4
Shubba regresó a Shumballa y, tras presentarse a Tuthmes en su cámara, cuyo suelo de mármol estaba forrado de pieles de leopardo, dijo:
—He encontrado la mujer que deseabas. Una muchacha nemedia, capturada en un barco mercante de Argos. He tenido que pagar al mercader de esclavos shemita muchas monedas de oro.
—Déjame verla —ordenó Tuthmes, y Shubba abandonó la habitación y regresó un momento más tarde trayendo a una muchacha por la muñeca. Era esbelta y cimbreña, y su tez clara resultaba casi deslumbrante en comparación con los cuerpos negros y oscuros a los que Tuthmes estaba acostumbrado. Su cabello caía formando un serpenteante arroyo de oro sobre sus blancos hombros. Solo se cubría con un traje hecho jirones. Shubba se lo arrancó y la dejó completamente desnuda, tiritando.
Tuthmes asintió con frialdad.
—Es una espléndida mercancía. Si no estuviera tratando de conseguir un trono podría sentir la tentación de quedármela. ¿Le has enseñado el kushita, tal como te ordené?
—Sí, en la ciudad de los shemitas, y después todos los días, en la caravana. He subrayado la importancia del aprendizaje con una sandalia, a la manera shemita. Se llama Diana.
Tuthmes tomó asiento en un sillón e indicó a la chica que se sentara en cuclillas a sus pies, cosa que ella hizo.
—Voy a entregarte al rey de Kush como regalo —dijo—. En teoría serás su esclava, pero en realidad me pertenecerás a mí. Recibirás órdenes mías con regularidad y las cumplirás sin rechistar. El rey es un depravado perezoso y disoluto. No te costará dominarlo por completo. Pero por si sintieras la tentación de desobedecerme cuando creas estar más allá de mi alcance, en el palacio del rey, voy a hacerte una demostración de poder.

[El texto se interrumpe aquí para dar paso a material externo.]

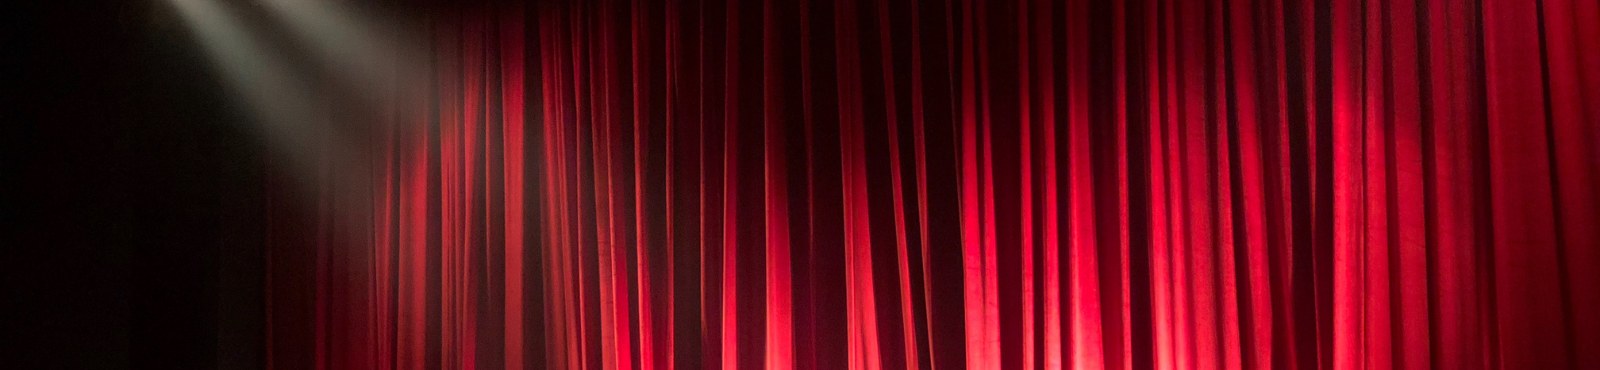 Theater Curtains Background Image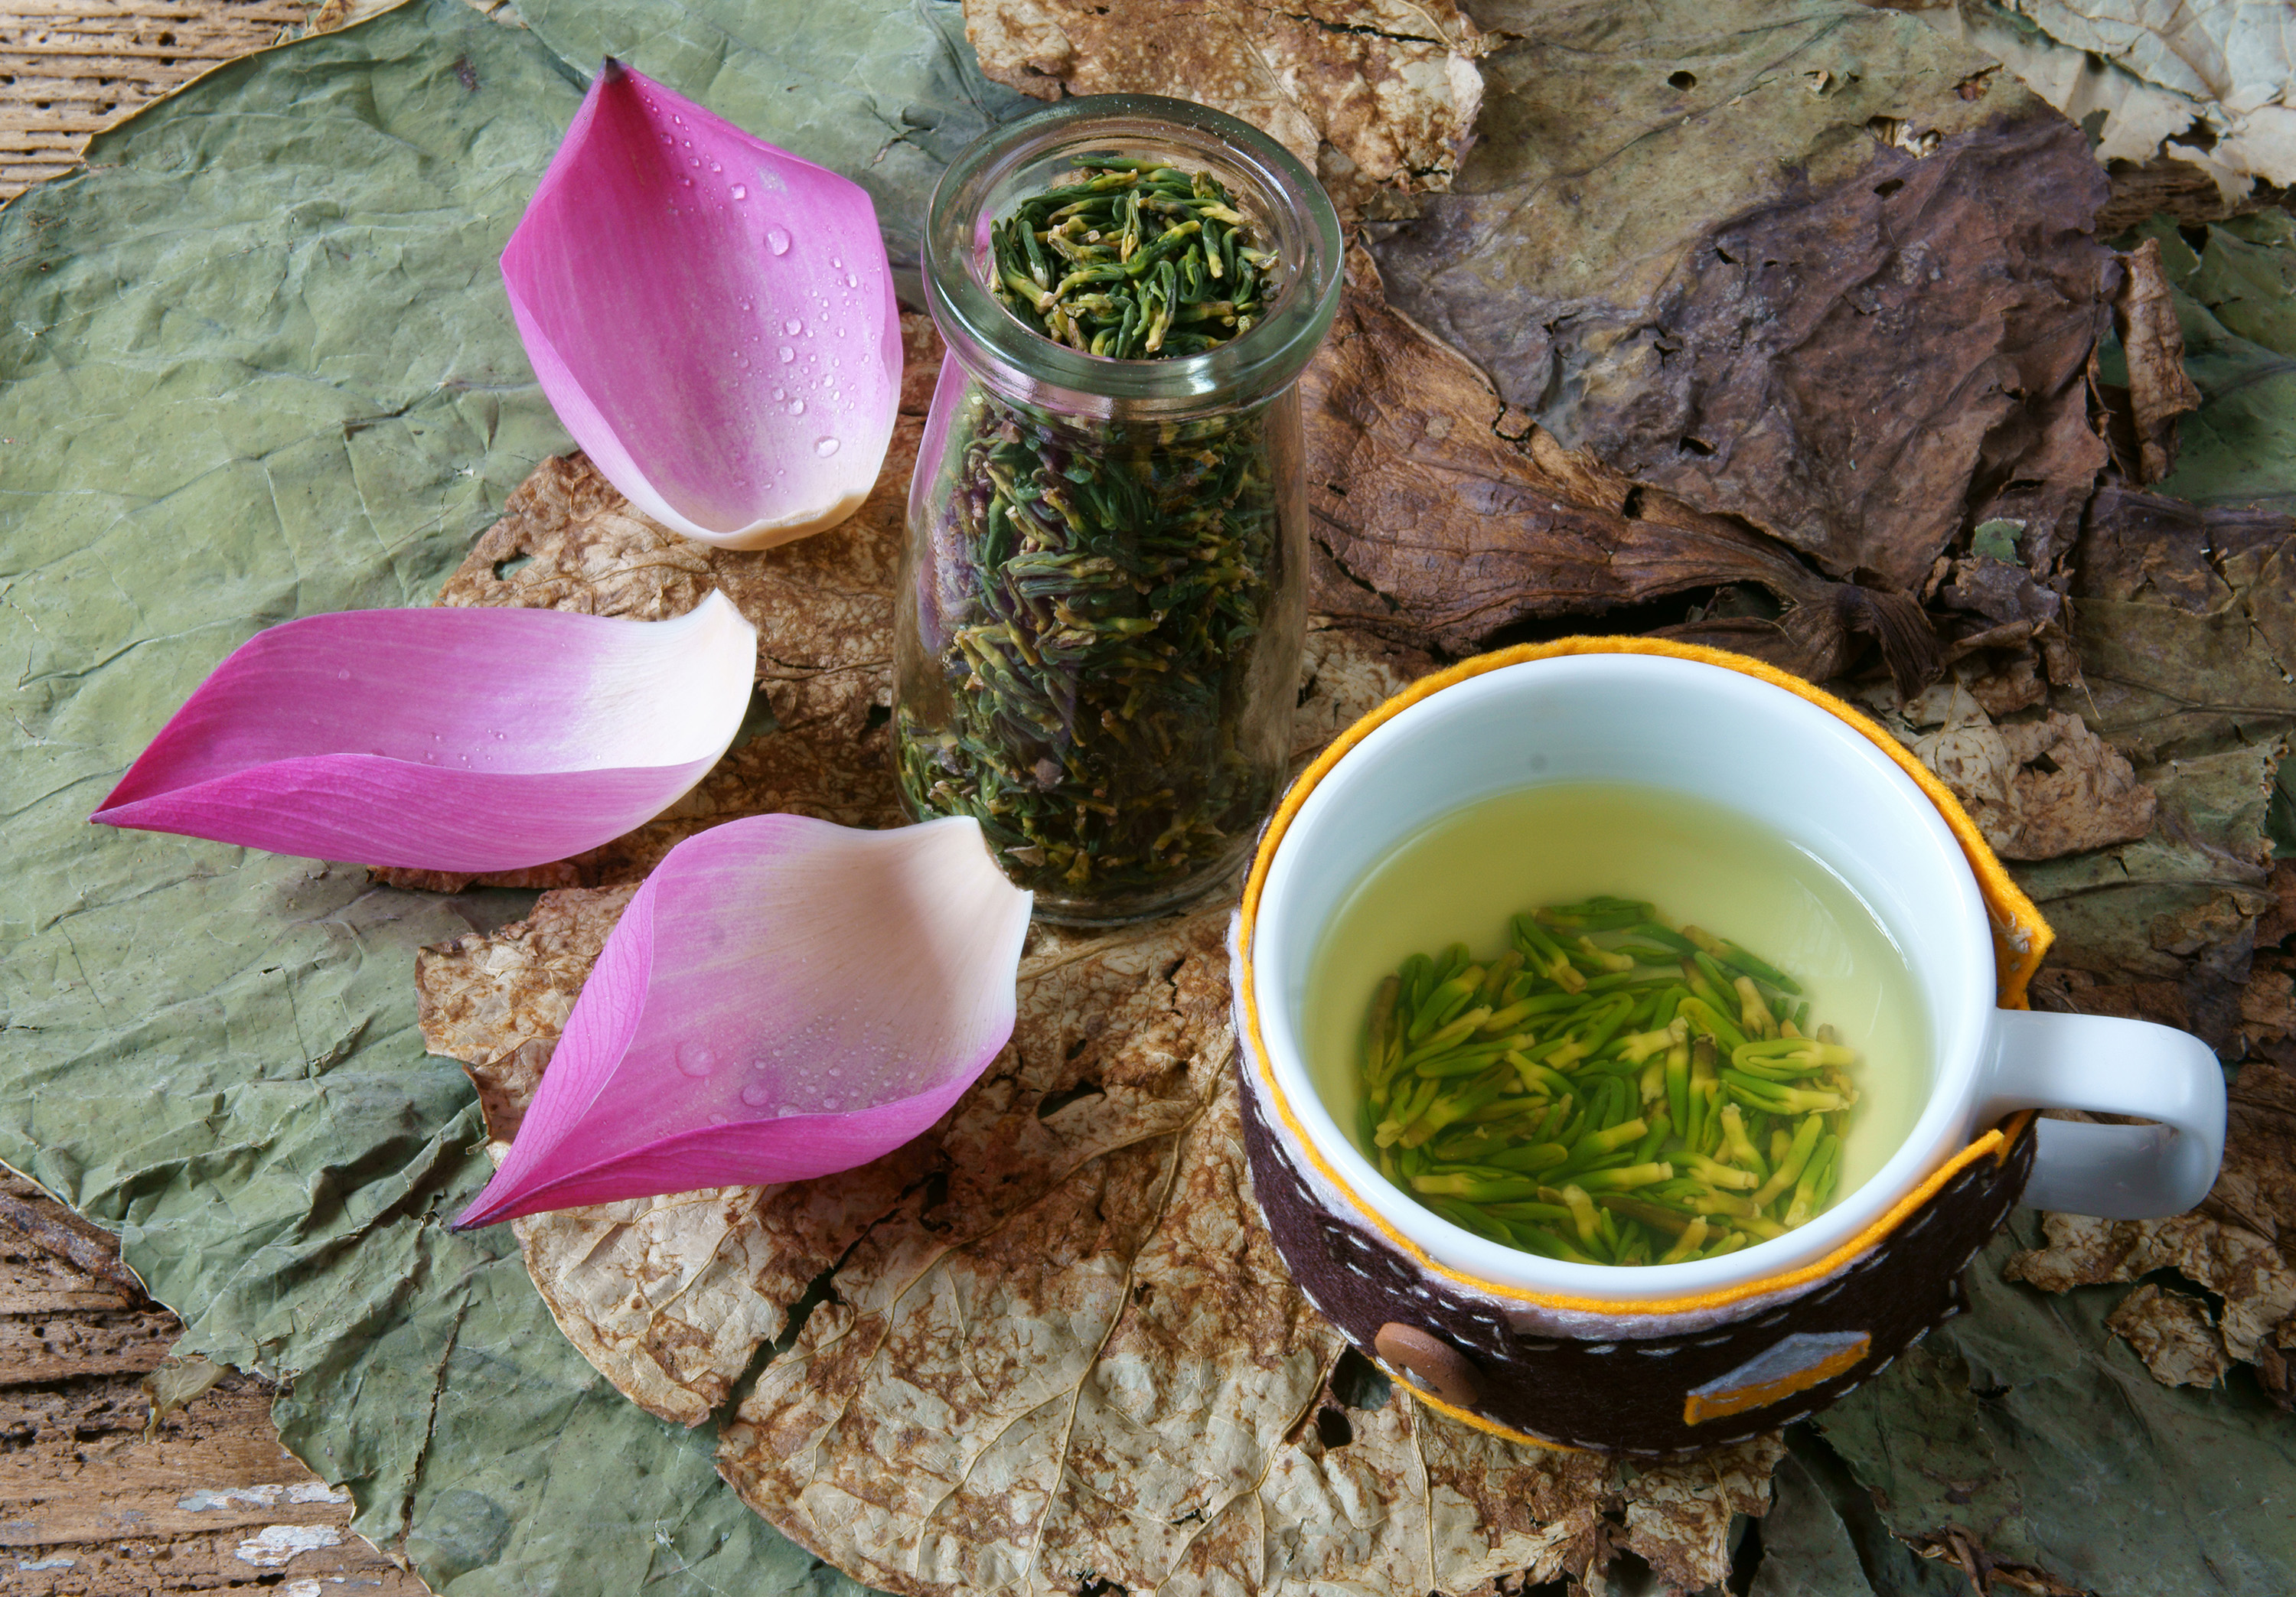 Lotus tea is in fact a combination of lotus flowers with high-quality green tea leaves

La tomó de la mano y la llevó por un pasillo y luego por un tramo de escaleras hasta una cámara alargada y mal iluminada. La cámara estaba dividida en dos partes iguales por un muro de cristal, transparente como el agua a pesar de tener casi un metro de grosor y ser lo bastante resistente como para soportar la acometida de un elefante. La llevó hasta esa pared y le ordenó que se colocara de cara a ella, mientras él retrocedía. Inesperadamente, las luces se apagaron. La muchacha permaneció en la oscuridad, embargada por un pánico irracional y temblando de pies a cabeza. Entonces, una luz empezó a flotar en la negrura. Ante sus ojos, una espantosa cabeza deformada empezó a surgir de las sombras; vio un hocico bestial, unos colmillos como cinceles, unas cerdas… El horror empezó a avanzar y ella se volvió y corrió, presa del pánico, olvidando la pared de cristal que la protegía del monstruo. En la oscuridad, los brazos de Tuthmes la atraparon y le susurró al oído:
—Ya has visto a mi servidor. No me falles o haré que te encuentre, estés donde estés, y no podrás ocultarte de él. —Entonces susurró algo más en su oído y ella, aterrada, perdió el conocimiento.
Tuthmes la llevó escaleras arriba y la dejó en manos de una criada negra con instrucciones de revivirla, llevarle comida y vino, y bañarla, peinarla y perfumarla para el rey.